O primeiro debate entre os candidatos ao Governo do Distrito Federal, realizado neste domingo, 9, pela Band, deu à governadora Celina Leão (PP) uma condição que tende a acompanhá-la durante toda a campanha: ela é, ao mesmo tempo, a candidata a ser enfrentada pelos adversários e a única no palco com uma gestão para apresentar ao eleitor.
A dinâmica do confronto deixou isso evidente. Em diferentes momentos, os candidatos direcionaram perguntas e críticas à governadora, colocando a atual administração no centro da discussão. A escolha dos adversários é parte natural de uma disputa eleitoral contra quem está no poder. Mas produziu um efeito político favorável à governadora: ao transformar Celina no principal alvo do debate, os concorrentes também deram a ela a oportunidade de falar sobre aquilo que nenhum deles poderia apresentar da mesma maneira — experiência de governo e resultados obtidos a partir de decisões já tomadas.
Celina Leão não precisou construir sua candidatura apenas a partir de promessas. Ao ser questionada, pôde recorrer ao que foi realizado pela administração e apresentar medidas adotadas pelo Executivo. É uma diferença relevante em uma eleição em que os demais candidatos ainda precisam convencer o eleitor de que suas propostas podem sair do papel.
Há, nesse ponto, uma vantagem política para a governadora: Celina pode ser cobrada pelos resultados, mas também pode apresentar os resultados pelos quais pretende ser julgada.
Essa diferença ficou evidente no debate.
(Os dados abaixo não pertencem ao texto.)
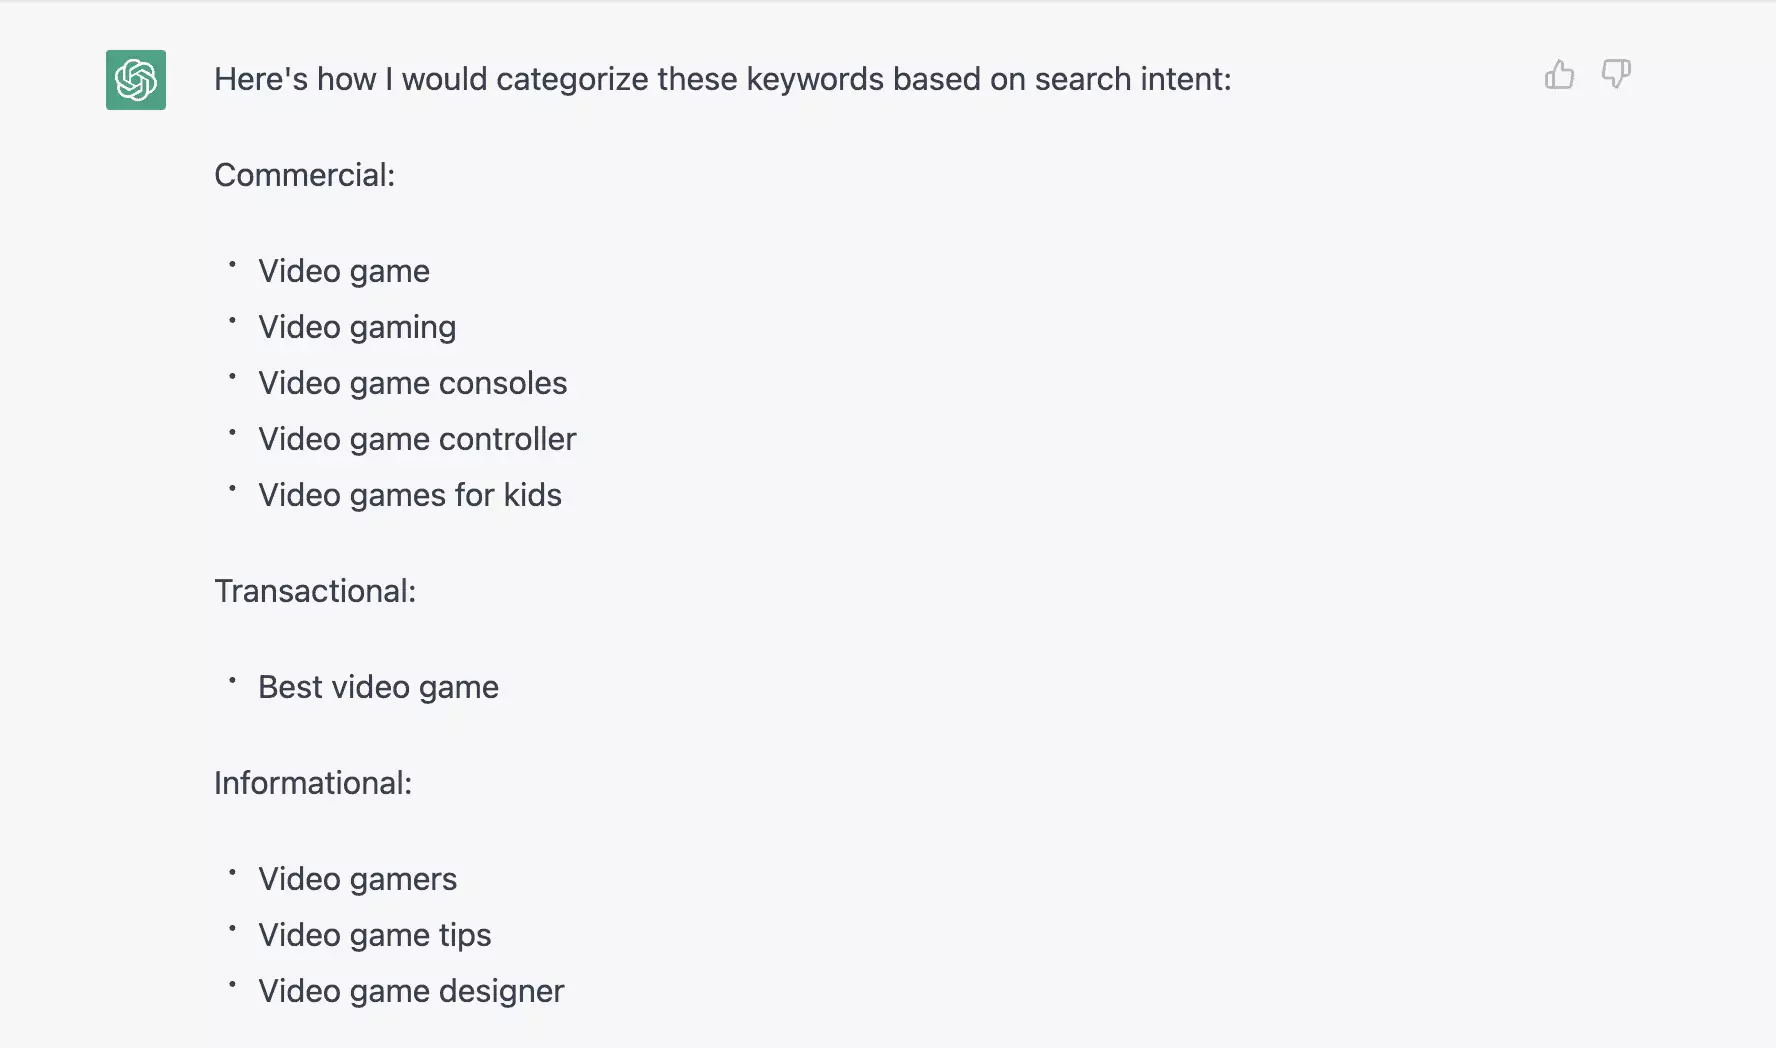 Results for asking ChatGPT to categorize a list of keywords

Ao ocupar o centro das críticas, ela teve a oportunidade de explicar decisões, defender políticas públicas e apresentar ações do governo. Em vez de se afastar da responsabilidade pela administração, a candidata assumiu o papel de quem precisa responder pelo que foi feito — e pelo que ainda precisa ser corrigido.
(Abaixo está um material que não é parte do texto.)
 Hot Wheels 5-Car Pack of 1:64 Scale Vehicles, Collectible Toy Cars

É uma posição que exige mais do que discurso eleitoral. Exige prestação de contas.
E, nesse primeiro confronto, a governadora procurou fazer justamente isso. As respostas de Celina foram construídas sobre a experiência acumulada no Executivo e sobre iniciativas que já saíram do papel, em uma tentativa de mostrar ao eleitor que existe uma diferença entre apresentar uma promessa e administrar sua execução.
O alvo que também tem o que mostrar
Celina não entra na disputa como uma promessa de governo. Entra como alguém que já governa, conhece a estrutura do Distrito Federal e pode apresentar ao eleitor uma lista de decisões tomadas, obras realizadas e políticas públicas em execução.
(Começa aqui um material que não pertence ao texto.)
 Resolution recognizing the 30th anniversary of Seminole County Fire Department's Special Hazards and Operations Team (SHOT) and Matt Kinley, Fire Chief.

O primeiro debate colocou essa diferença em evidência. Os adversários conseguiram levar Celina para o centro do confronto; a governadora, por sua vez, aproveitou o centro do palco para levar o governo para a discussão.
Nesse sentido, serviu menos para definir um vencedor do que para apresentar a lógica da eleição que começa a se desenhar: quanto mais Celina for colocada no centro pelos adversários, maior será também o espaço para que ela transforme a própria gestão em argumento para permanecer no Buriti.